> **WHAT IS BEING ASKED**
A faithful copy of the data is what is wanted, minus any pictures.

> **EXERCISE DATA**
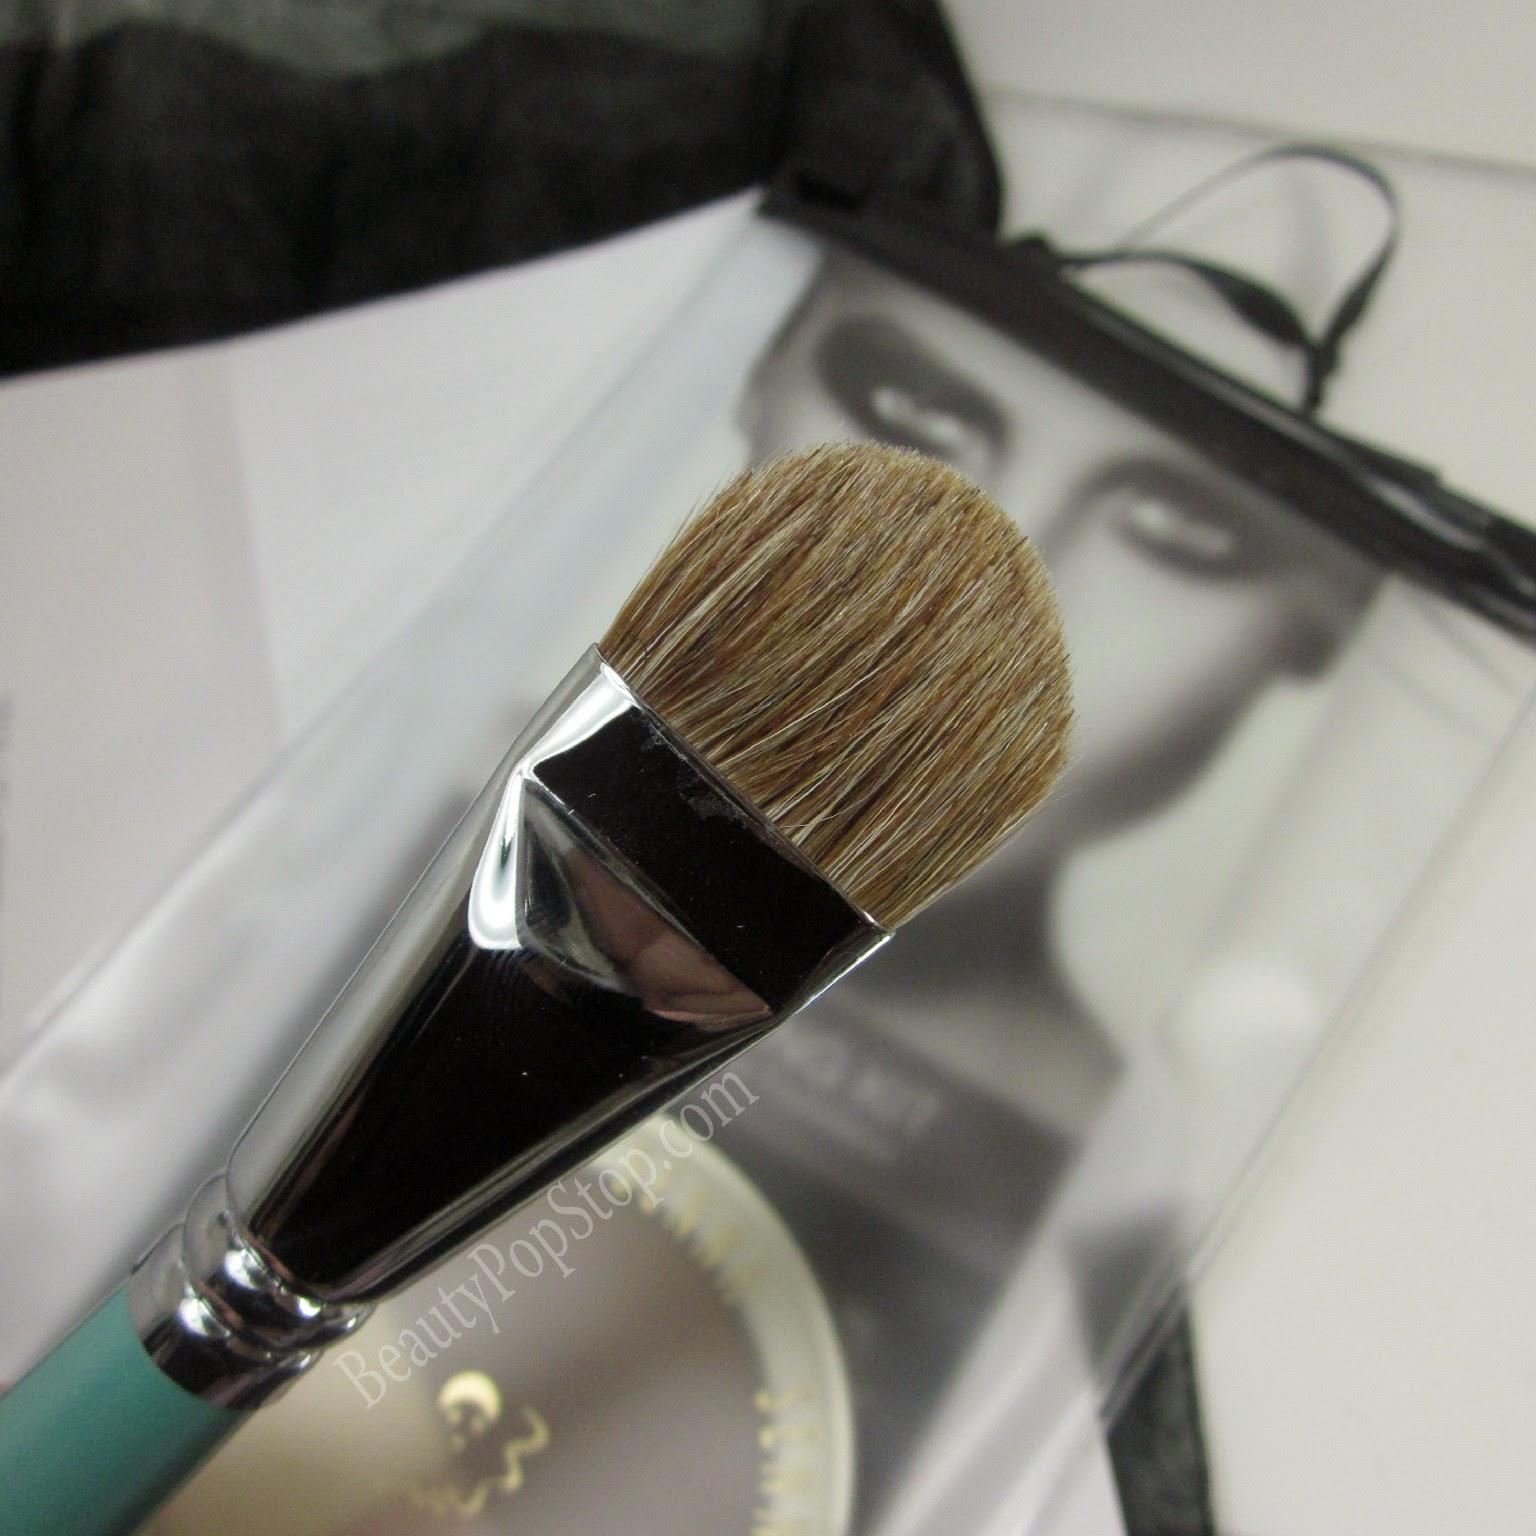 senna foundation 20 makeup brush review
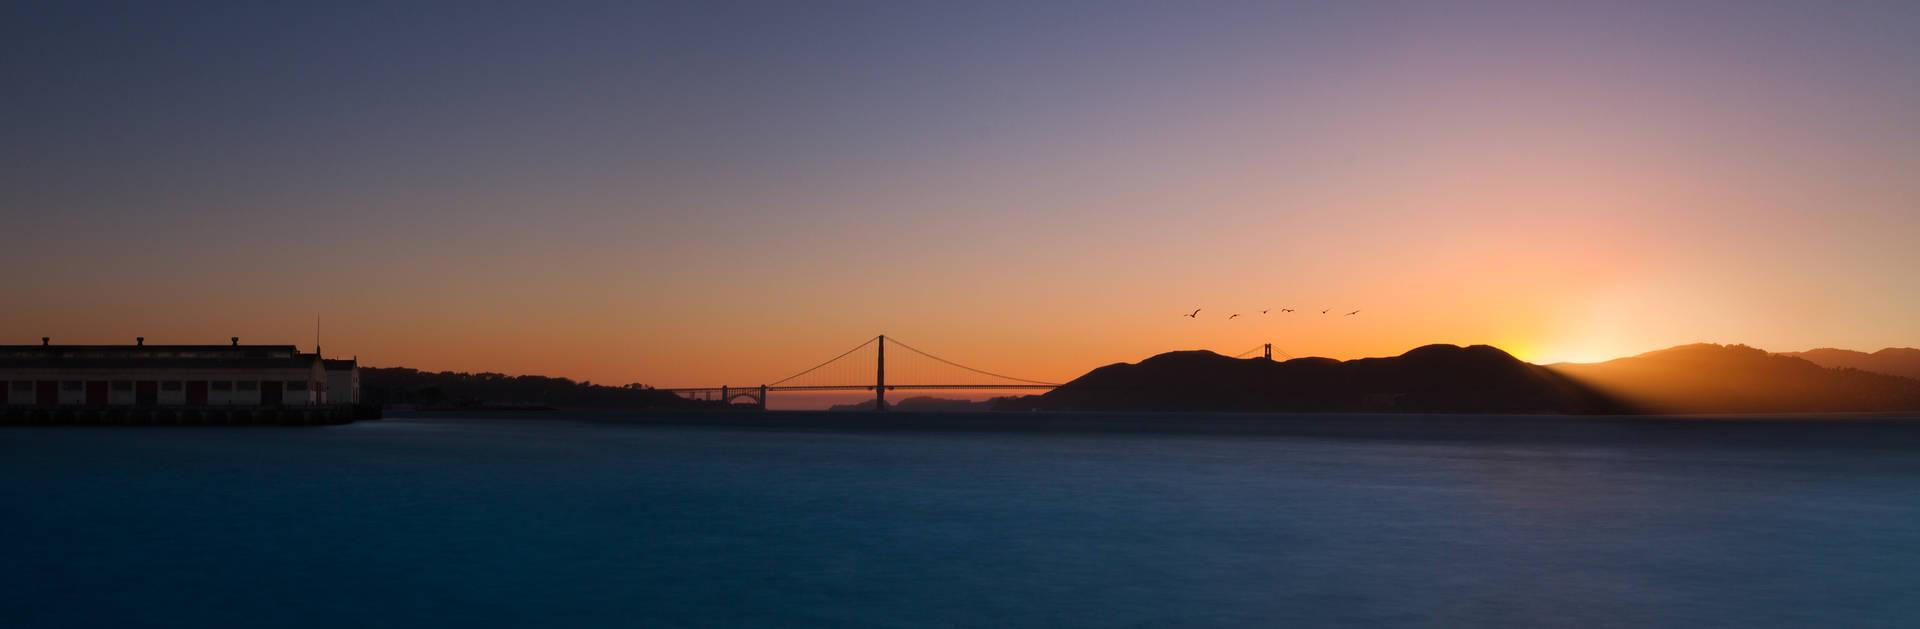 Golden Gate Bridge - San Fransisco
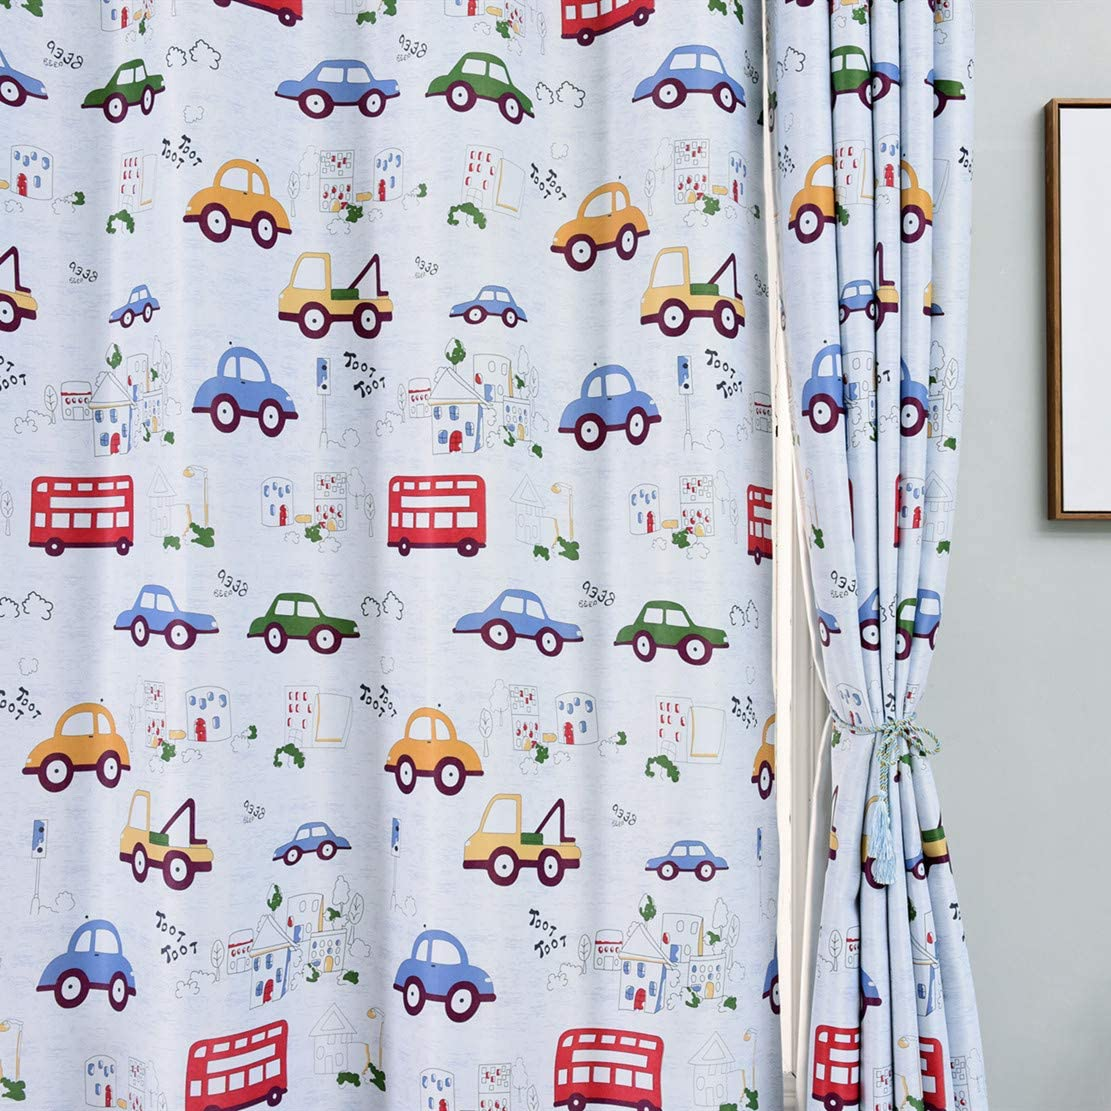 MYRU 2 Panels Set Cars Cartoon Curtains 63 Inch Length Semi Blackout Curtains for Kids Room 2 x 39 x 63 Inch, Cartoon Cars

> **TASK SOLUTION**
 senna foundation 20 makeup brush review
 Golden Gate Bridge - San Fransisco
 MYRU 2 Panels Set Cars Cartoon Curtains 63 Inch Length Semi Blackout Curtains for Kids Room 2 x 39 x 63 Inch, Cartoon Cars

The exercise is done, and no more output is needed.